Edwards called Grigsby a “puppet master calling the shots with Eddie Rispone,” and said Rispone’s relationship with Grigsby “speaks volumes about how dangerous” Rispone would be if elected.
First of all, when this race is over and Edwards is packed off back to Amite where he came from, and he takes up his old law practice, a word of advice – whatever you do, don’t hire this guy for legal representation, because he might just be the worst lawyer in Louisiana. We say this not just because of the skulldraggings he’s taken in legal warfare with Attorney General Jeff Landry’s office through the years but because he’s categorically wrong that offering to support a candidate for an elective office is an illegal inducement to withdraw from a race.

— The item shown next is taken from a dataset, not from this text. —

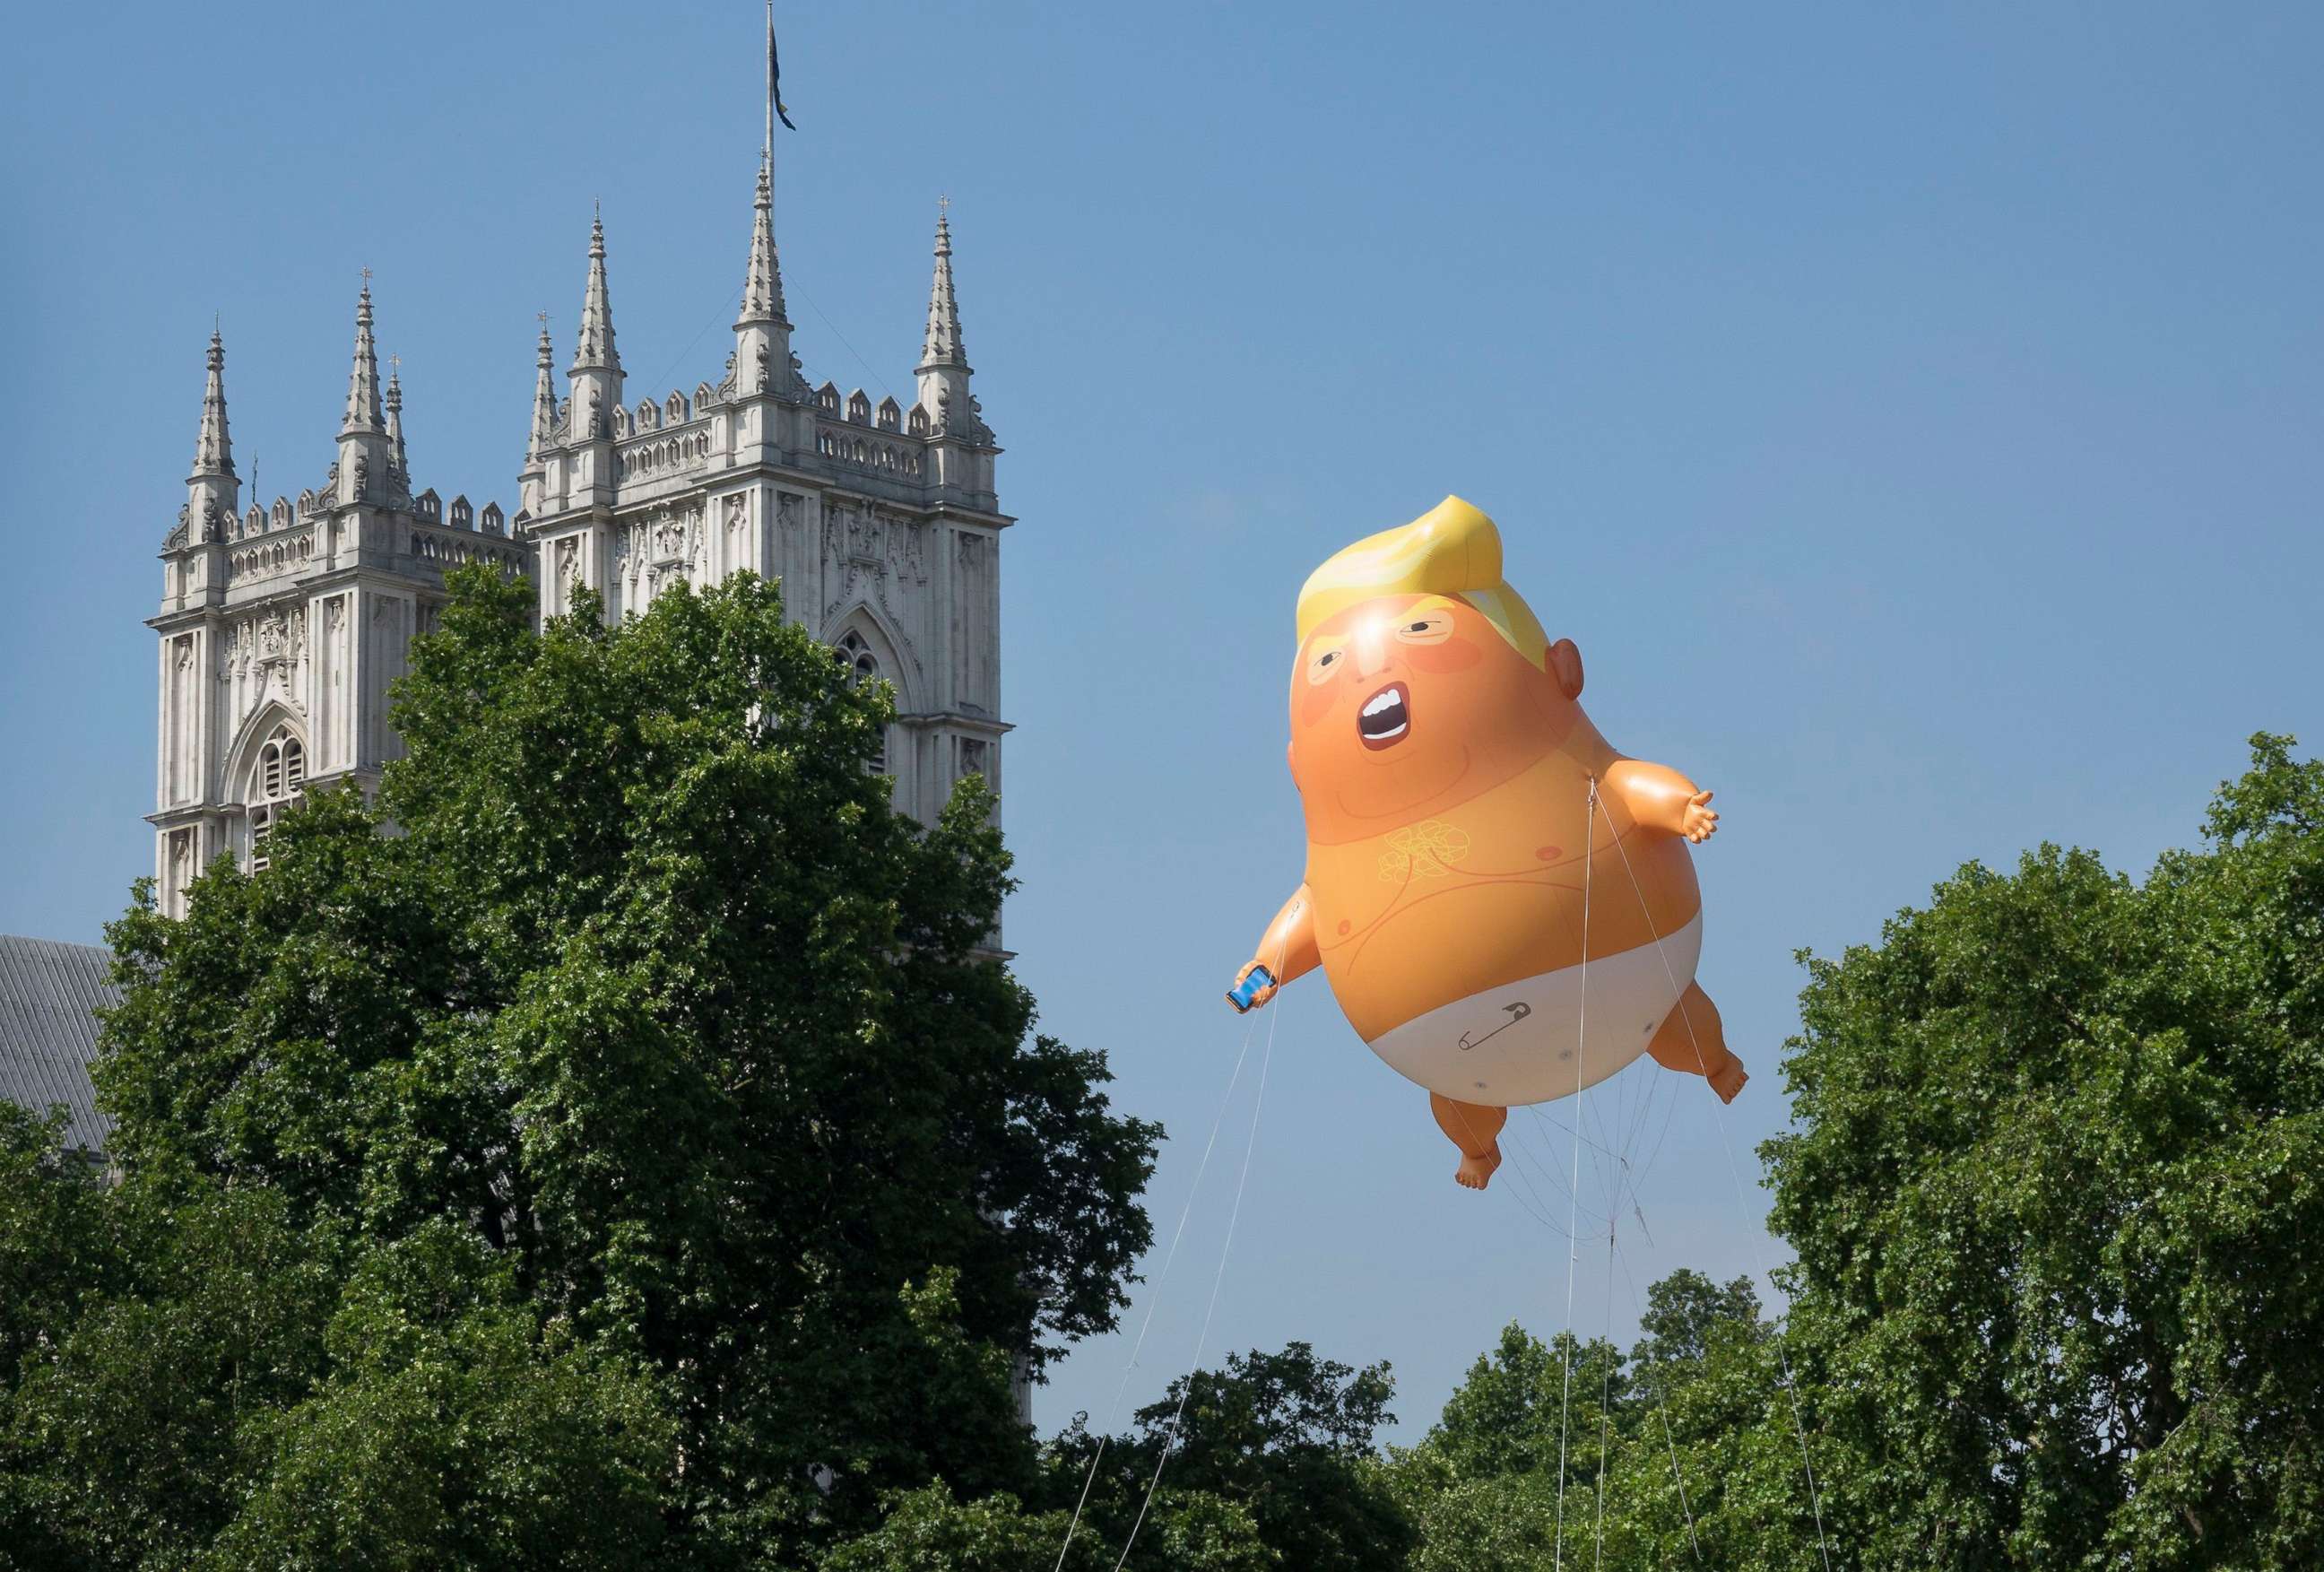 PHOTO: A giant inflatable balloon depicting President Trump as a baby in a nappy is flown over Parliament Square in London, July 13, 2018.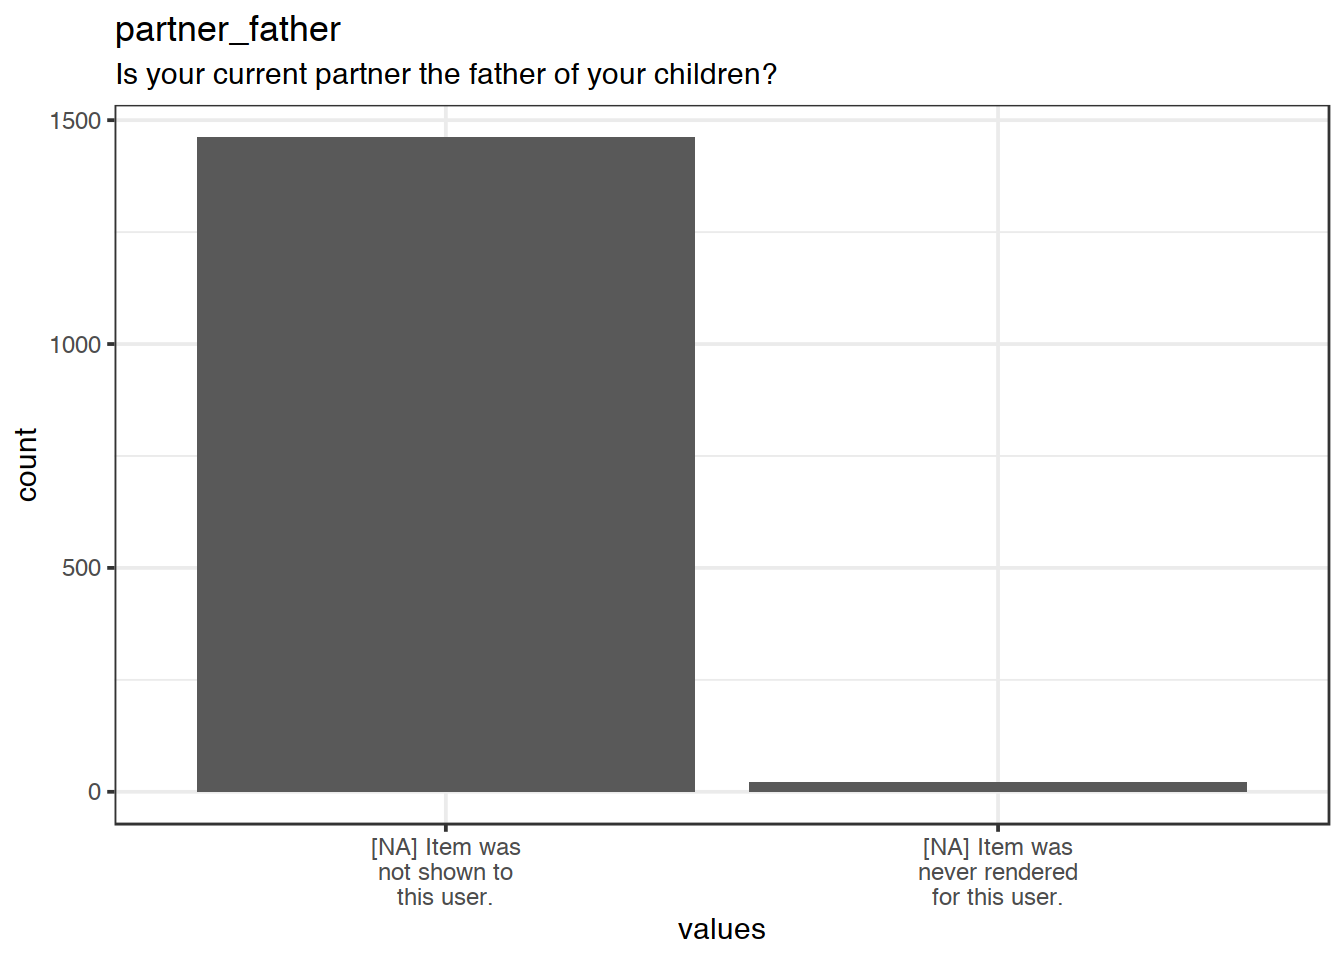 Plot of missing values for partner_father

It isn’t. American citizens have a First Amendment right to support candidates for political office, and were the state statute making it illegal to bribe candidates out of political races stretched to include such offers that statute would be unconstitutional.
On the other hand, if you’re looking for something that would be a bright-line violation of that statute, there is the $10,000 in a cash bribe allegedly offered to Omar Dantzler in 2015 as an incentive to get him out of the race for sheriff of Tangipahoa Parish in 2015. Dantzler refused the money and ran against Daniel Edwards, the governor’s brother who has held that position since 2003.
Yep. You heard that. From a federal lawsuit Dantzler filed against Edwards (hat tip to Sound Off Louisiana for digging this up)…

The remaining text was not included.